Southeast Asia, the Philippines, Taiwan, southern China, India, the city of Edmonton in Alberta, Canada, Japan and New Jersey have all experienced extraordinary flooding within the past two weeks. Last week Edmonton, Alberta, experienced a "once in 200 years" storm with 45 inches of rain and hail that buried parts of the city under tons of ice.

July 13 was an ominous day for flooding: a ferocious thunderstorm similar in violence to the Edmonton storm swept across Shanghai, killing seven and sinking a cargo ship. In Southeast Asia, the worst monsoon flooding in memory has killed thousands and left over five million people homeless across India, Bangladesh and Nepal. A typhoon has killed at least 50 people in the Philippines and Taiwan, and left a quarter of a million homeless.

Also on the 13th, there was a 17-inch downpour in northwestern Japan, killing at least five people.
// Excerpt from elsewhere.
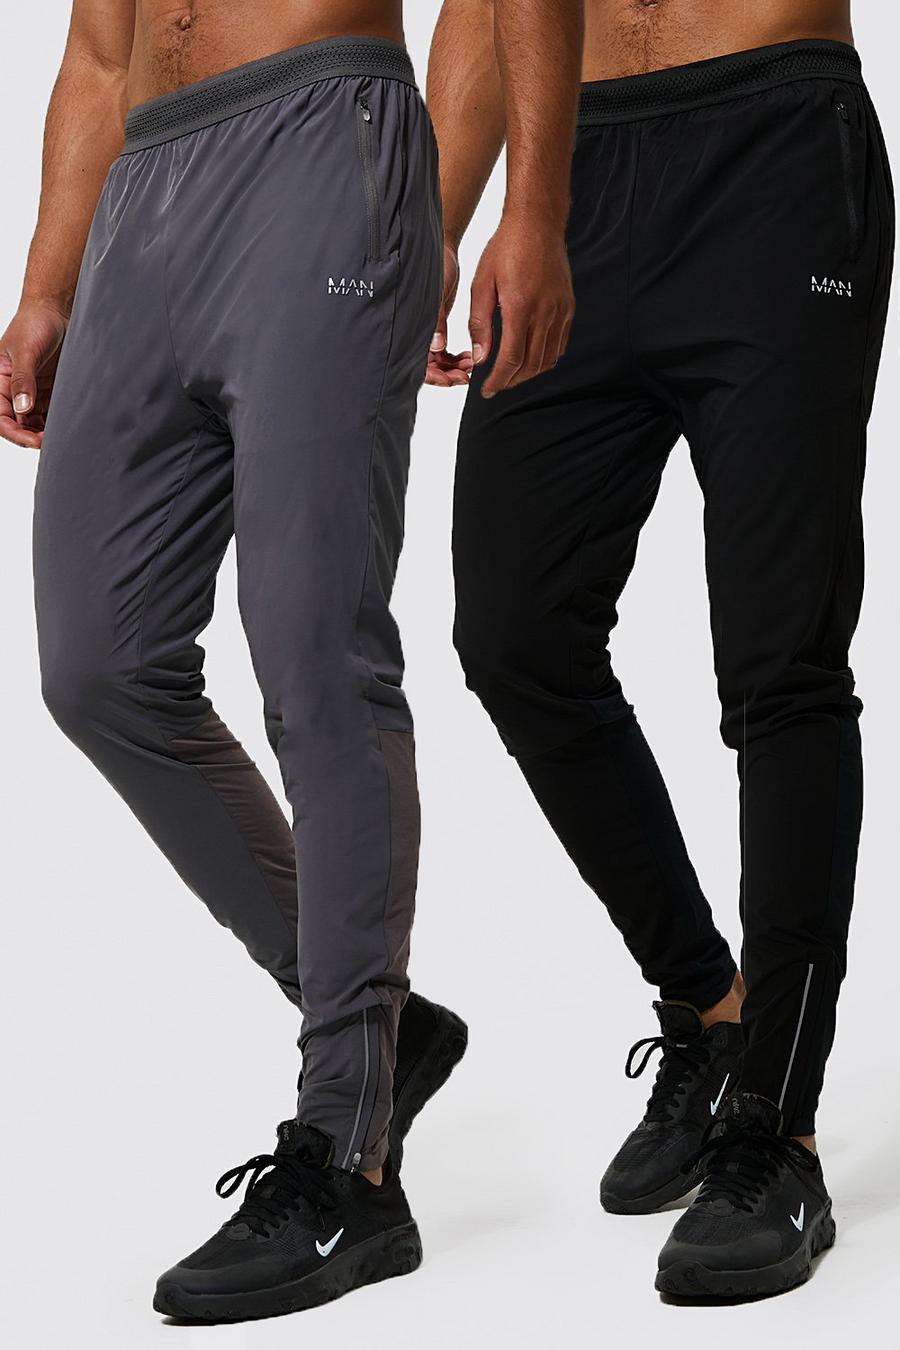 שחור black מארז 2 זוגות מכנסי ריצה ספורטיביים קלילים לחדר הכושר Man, לגברים גבוהים image number 1

Again, the rains were sudden and intense, and the sudden flooding overcame people in low-lying areas, in areas that had never experienced these kinds of floods before. On the same day, more that a foot of rain fell in a few hours in New Jersey. The flooding was so fast that, as in Edmonton, people had to flee their cars to escape rising water. The flood zone extended into Pennsylvania and Maryland.

Meanwhile, Europeans from Oslo to Budapest are having snowball fights in July. Europeans feared a repeat of last year's killer heat wave, and southern Europe has indeed experienced some intense heat. But most Europeans have had temperatures that are about half what they were last year. Read the CNN Report.

In the U.K., people are turning on their central heating. Elliot Frisby, of the VisitBritain tourism board, says, "We don't sell Britain as a sun, sea and sand destination."

Swedish ice cream maker Ingemar Folkeson is laying off workers. Danish ice cream maker Lars Fenner says sales are "10 to 15% below normal."

In Vienna, Hubert Pichler, who works in an outdoor amusement park, says, "I already made 10% less business in May and in June I was down almost 30%. We've only had three days of real summer this year..."

15,000 people died in France in last year's heat wave, so the government spent $82 million to install air conditioners in retirement homes, but most of them haven't even been turned on yet.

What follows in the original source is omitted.